Mike Hendrickson: So, Jason, tell us what technologies you use at Marklogic?
Jason Hunter: Alright, what tech? Part of the language is we write the site in XQuery, which is W3C standard language; it's the native language of Mark Logic's server on which we're built and it's this XML aware language and it works really well for us because all of our messages are XML. We convert email into an XML format and we use XQuery then depresses them. We can search them, manipulate them, render them and we do all of that in this XML ___ language. It's not just that we use Java to convert messages into the XML; we use Perl to acquire the messages a lot of times. We use Java Script on the front end to make it the single page, you know, one page web app. experience, so that every time you're taking an action, we don't have to refresh the page. It's all that embedded thing. Then we have a five lug balancer that we program into Tickle. The core server is written in C++. Does HTML count?
Mike Hendrickson: Probably not. So, it sounds like you've got a really interesting mix of technologies. How do you find the right developers to work at - to work on Mark Mail?
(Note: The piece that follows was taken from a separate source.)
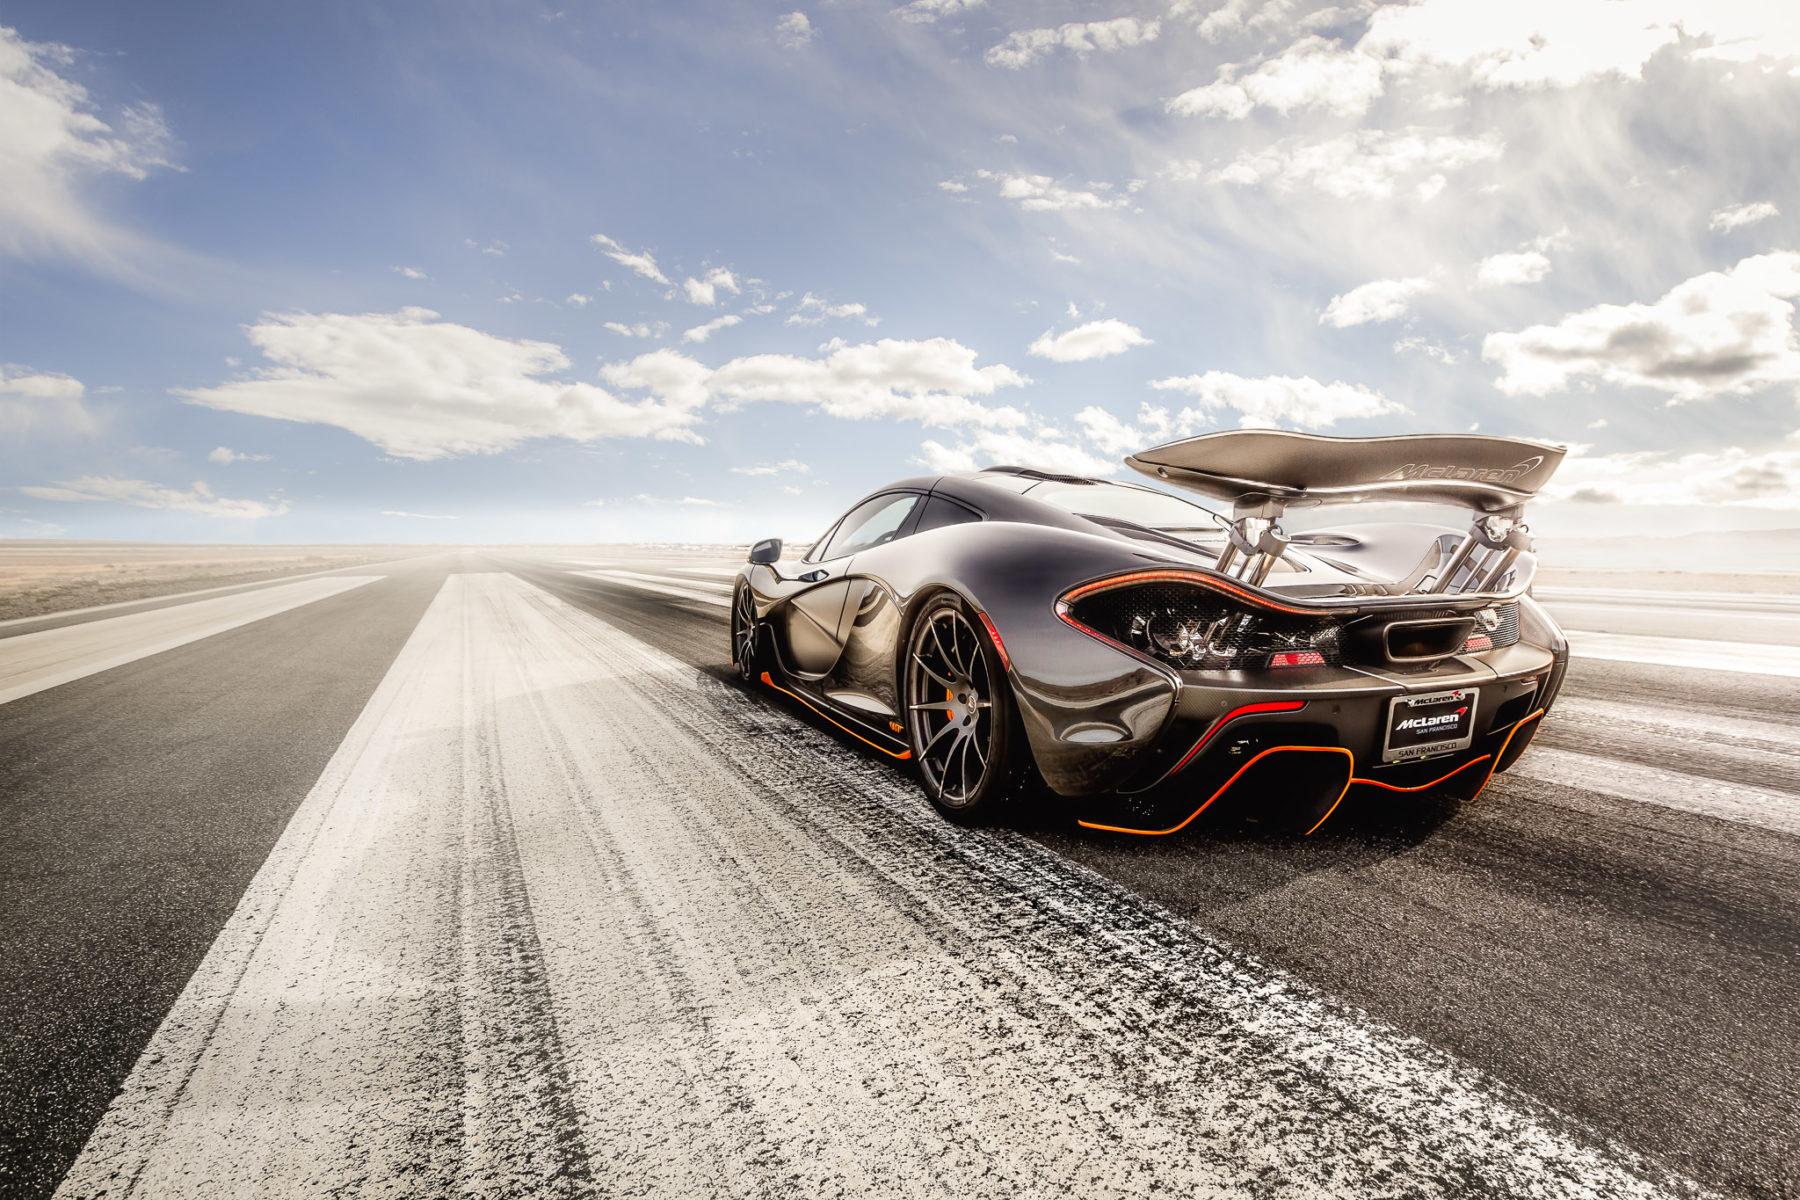 Drag Car 4k Wallpaper Bugatti S 918 S And P1 S Oh My Shift S3ctor Drag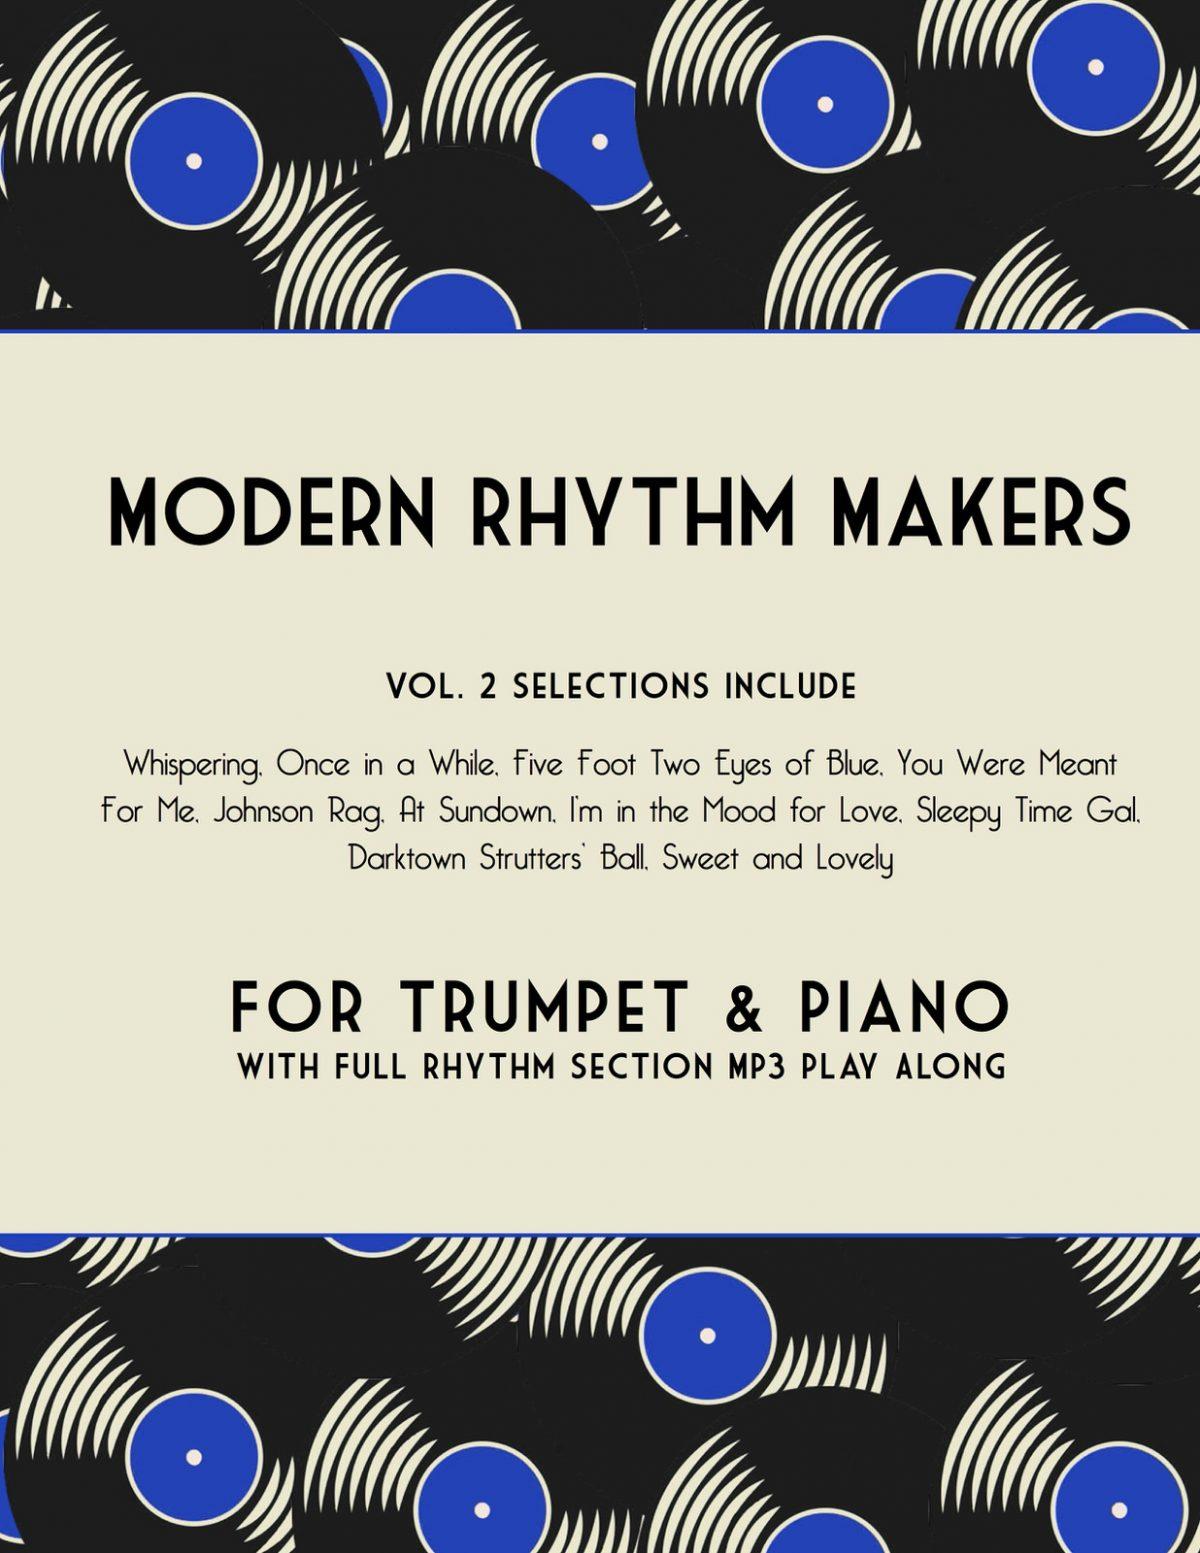 (Playalong)Various, Modern Rhythm Makers Playalong-p01

Jason Hunter: It can be a challenge to find really talented people. We've taken the approach right now of just hiring the best people we can find and, usually, languages aren't that awful to learn if you're a really expert person and we've got some people who have a lot of experience in these languages or either have picked 'em up. The TCL is funny, though. The guy who did the TCL, I saw the check and I was like, "Was that TCL that I just saw?" He's like, "Yeah." "Did you ever program TCL before?" "No."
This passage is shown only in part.